Hepimiz liderinden idaresine, hocasından kaptanına tüm ekip olarak, tek beden olarak, bugün bizi açıklamaları yapmaya mecbur eden zihniyetle çaba etmek için hırsla dolmuş durumdayız. İnşallah bu hafta sonunda başlayan ve bu hırsla bu inançla, tek beden olmuş halde omuz omuza teker teker bütün maçlarımızı kazanmak için var gücümüzle çaba edeceğiz.
“BU LİG ADİL YÖNETİLİRSE FENERBAHÇE ŞAMPİYONLUĞUN EN BÜYÜK ADAYI OLUR”

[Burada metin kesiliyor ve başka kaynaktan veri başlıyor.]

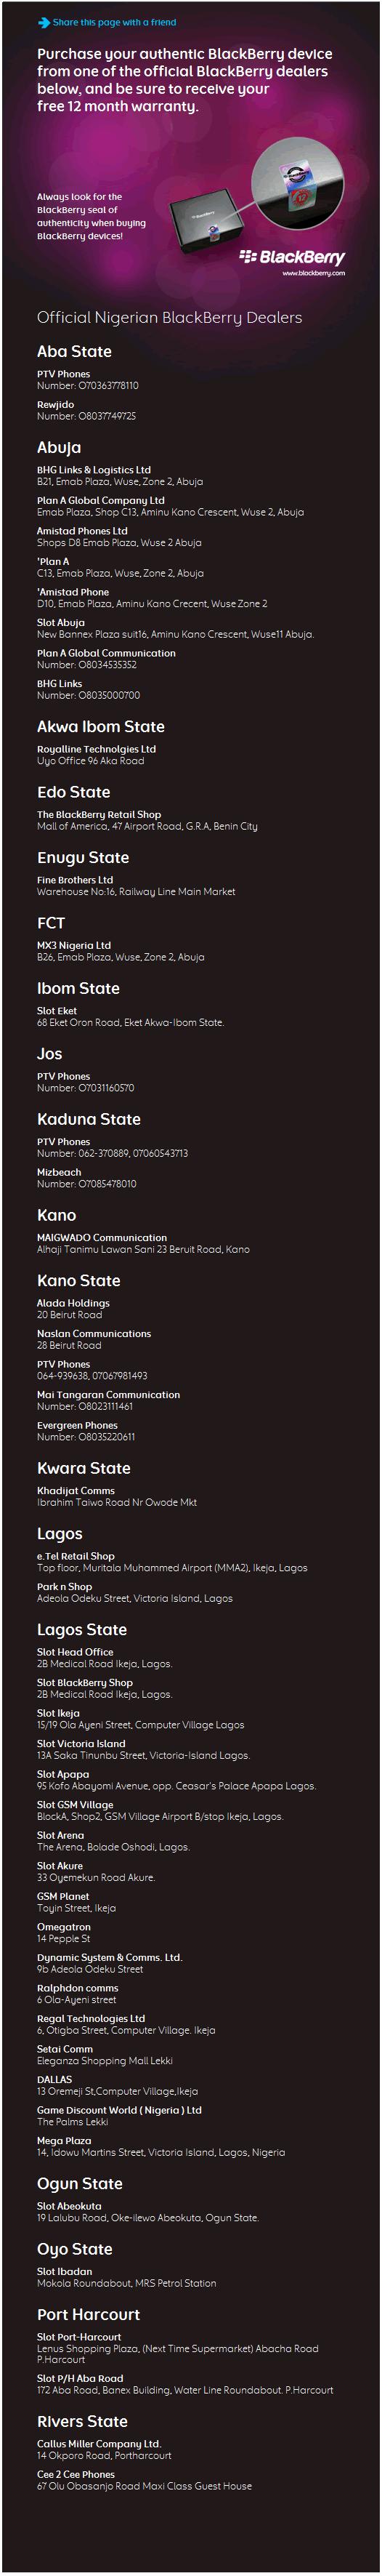 List Of Authentic BlackBerry Dealers In Nigeria

Hafta başında Samandıra’da hocamız, kaptanımızla yemek yedik. Hepsinin gözünde ışığı gördük. Alanda alın teriyle verdikleri çabanın hakem kararlarıyla karşılığını alamadıkça, inançları zayıflar diye korkuyordum fakat onların ne kadar hırslandığını, bu hırsın bizi de hırslandırdığını gördüm, Kadronun gözündeki ateş kat be kat artmış durumda. Hocamız ve futbolcularımız bu hafta havlu attık diyenlere karşı nasıl inandıklarını gösterecek. Pazar günü ne yaşayacağız bilmiyorum ancak bu lig, bu haftadan itibaren adil formda yönetilirse, Fenerbahçe şampiyonluğun en büyük adaylarından birisidir. Bizim haklı gayretimizde yanımızda olanları ve köstek olmaya çalışanları görüyoruz. Topluluğun içindeki insanların yapılan haksızlıklara karşı nasıl sustuklarını ve kimilerinin dayanak olduklarını da görüyoruz. Bizler yolcuyuz. İnşallah bir gün idaresi bıraktığımız vakit ben ve arkadaşlarım bu duruma düşmeyiz. Sizlere ve büyük taraftarımıza teşekkür ediyorum.”